In order to carry out effective site-specific mutation, the exact position of critical residues in the antibody sequence has to first be identified. This would require a complementary analysis using in silico methods to predict critical residues for mutation either based on pattern recognition or by structural information [229]. Computational software, such as B-FITTER [208], Patch-Finder [230,231,232], and Rate4Site [233], has been introduced to assist in identifying mutational hotspots or other defined regions in proteins (or antibodies) [220]. Such approaches allow for specific regions to be targeted, resulting in more meaningful mutations in the mutant libraries. Another approach utilizes in vitro scanning saturation mutagenesis to determine an antibody binding pocket for mutation [234]. In this case, an anti-digoxin scFv was determined to have six key contact residues and was targeted for mutation to study the antibody specificity and affinity towards digoxin and its analogues. This method is a systematic tool that provides a comprehensive analysis of different amino acid residues towards antibody affinity and specificity, evaluation of the plasticity of the key residues, and is suitable for preliminary structural studies for an unknown protein [234,235]. Designing an optimal degenerate primer set is the key to constructing a quality mutant library [220]. Several computational programs, including LibDesign [226], AA-Calculator [236], and DC-analyzer [220,237], have been compared, and it was concluded that DC-analyzer was able to provide the best-suited degenerate primers according to a user-defined randomization scheme [220]. The integration of computational analysis with in vitro methods has helped to improve the quality of mutants generated for mAb production.

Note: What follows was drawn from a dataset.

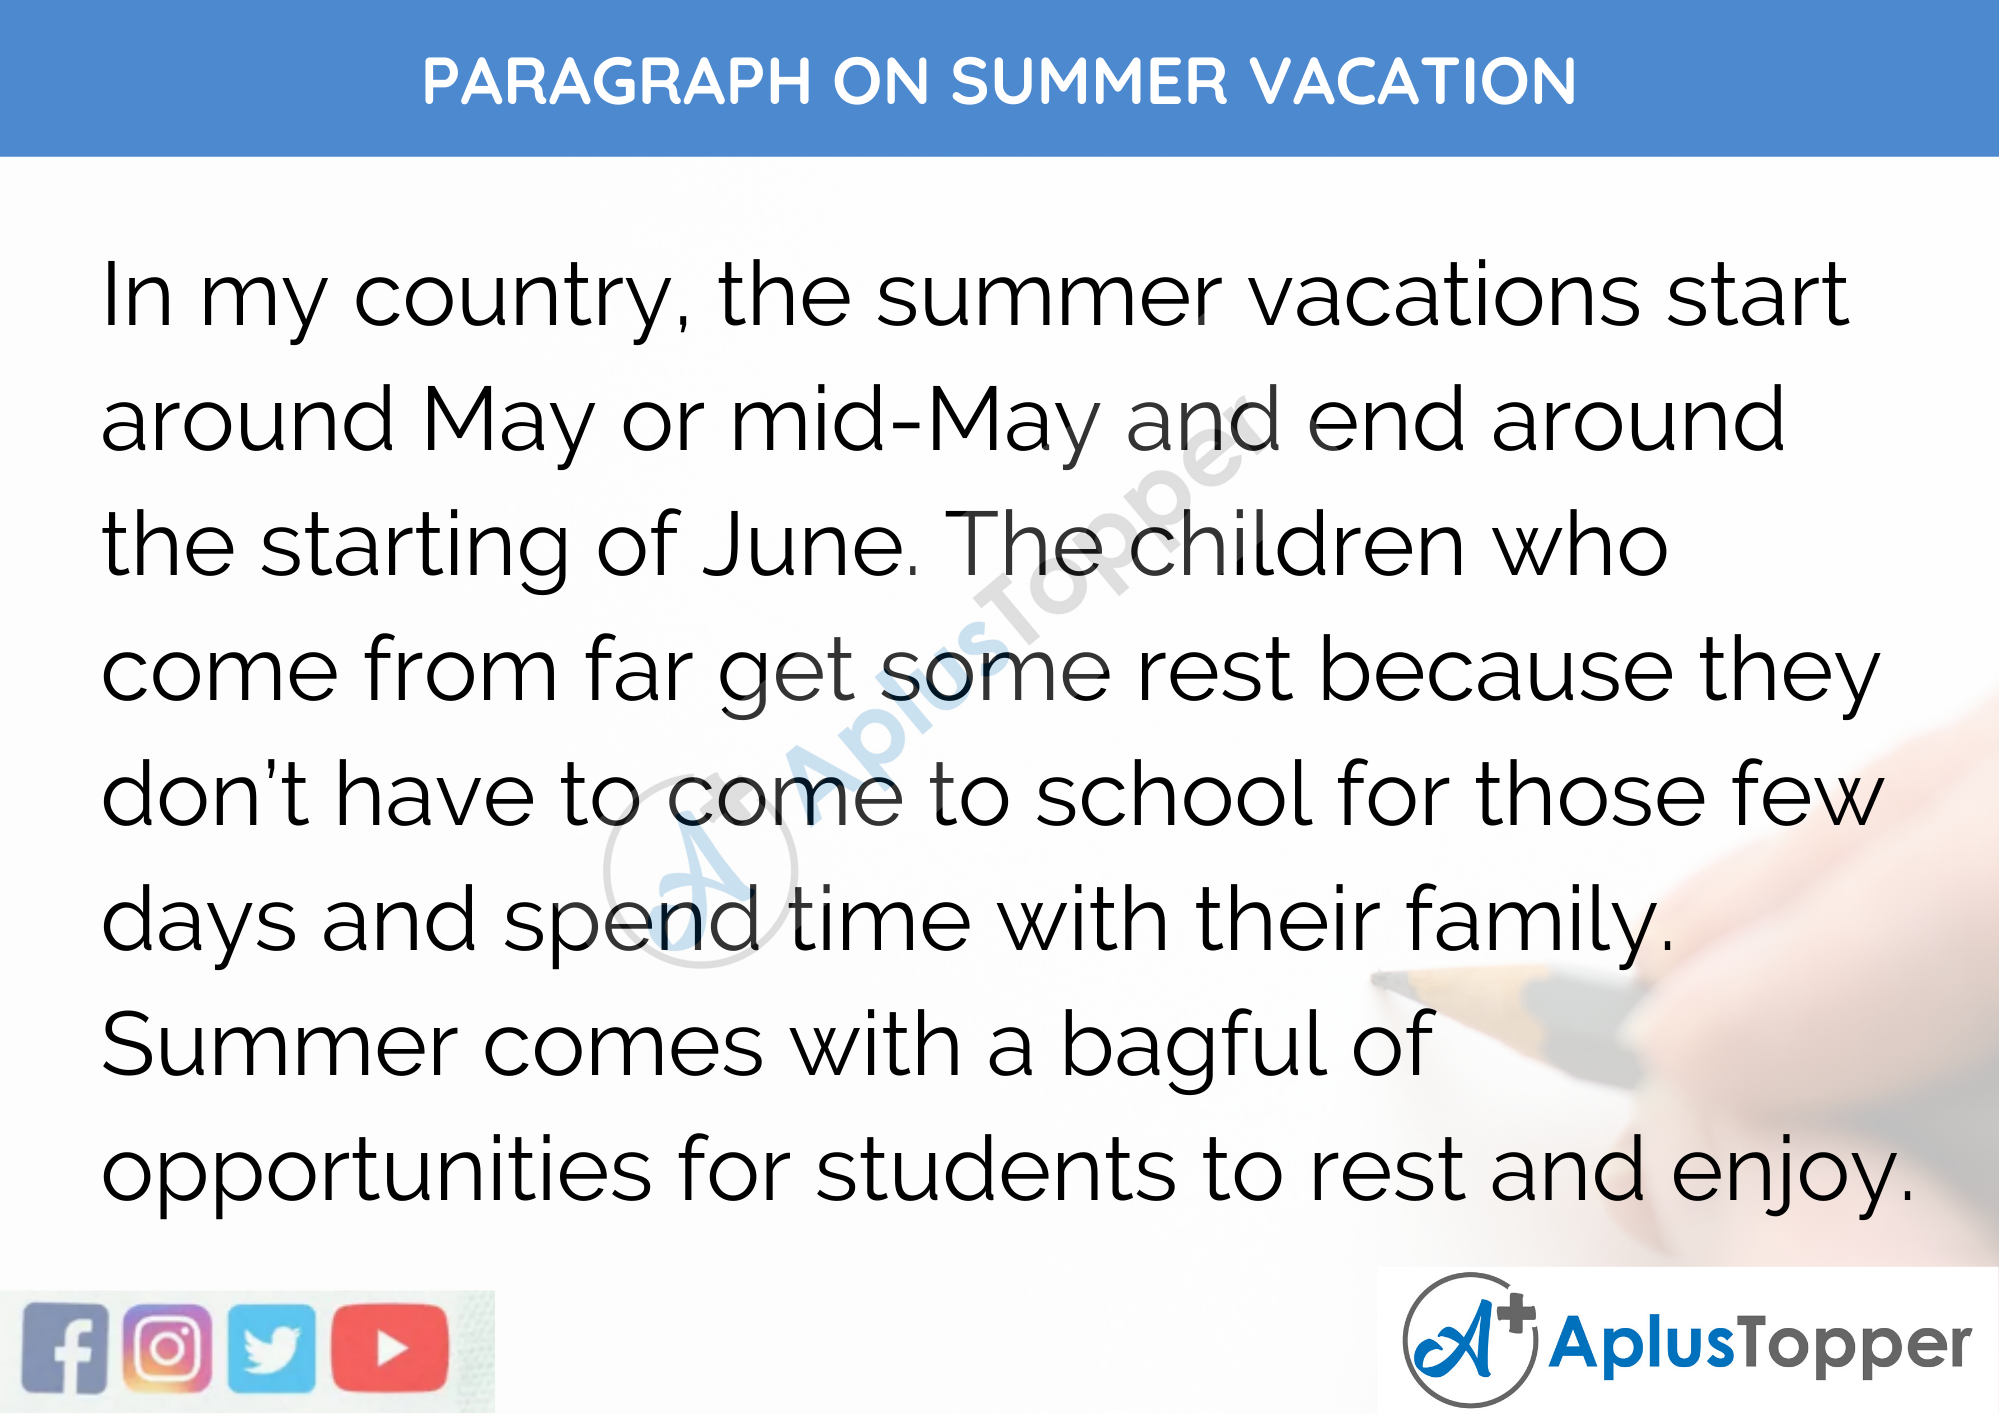 summer vacation essay in english 200 words

4.3. Gene Synthesis Methods for Synthetic Antibody Gene Production

De novo gene synthesis is an ideal strategy to create desired gene sequences with the aid of high-throughput sequencing technology that offers iterative and comprehensive gene analysis. Gene synthesis is the preferred solution for gene diversification in several instances. It is well-suited for modifications to gene sequences and allows for specific design of DNA constructs. The strategy is particularly helpful to study the influence of modified sequences on particular functions of recombinant antibodies for improving the phenotypic features of antibodies. In addition, natural constructs are sometimes inaccessible, while gene synthesis provides a direct solution to obtain target sequences [238,239]. Conventional gene synthesis is driven by oligonucleotide synthesis employing solid-phase phosphoramidite chemistry. The underlying principle of phosphoramidite-based oligonucleotide synthesis consists of four main steps (deprotection, coupling, capping, and oxidation) to insert one base at a time to a growing oligonucleotide chain fixed to a solid support [240]. Generally, the synthesis takes place in small individual columns and the oligonucleotides are subjected to purification prior to quality assessment. The automated process can cater to the synthesis of a large number of oligonucleotides in parallel (up to 100 nmol) with low error rates (one base error in 200 nucleotides) [238,241].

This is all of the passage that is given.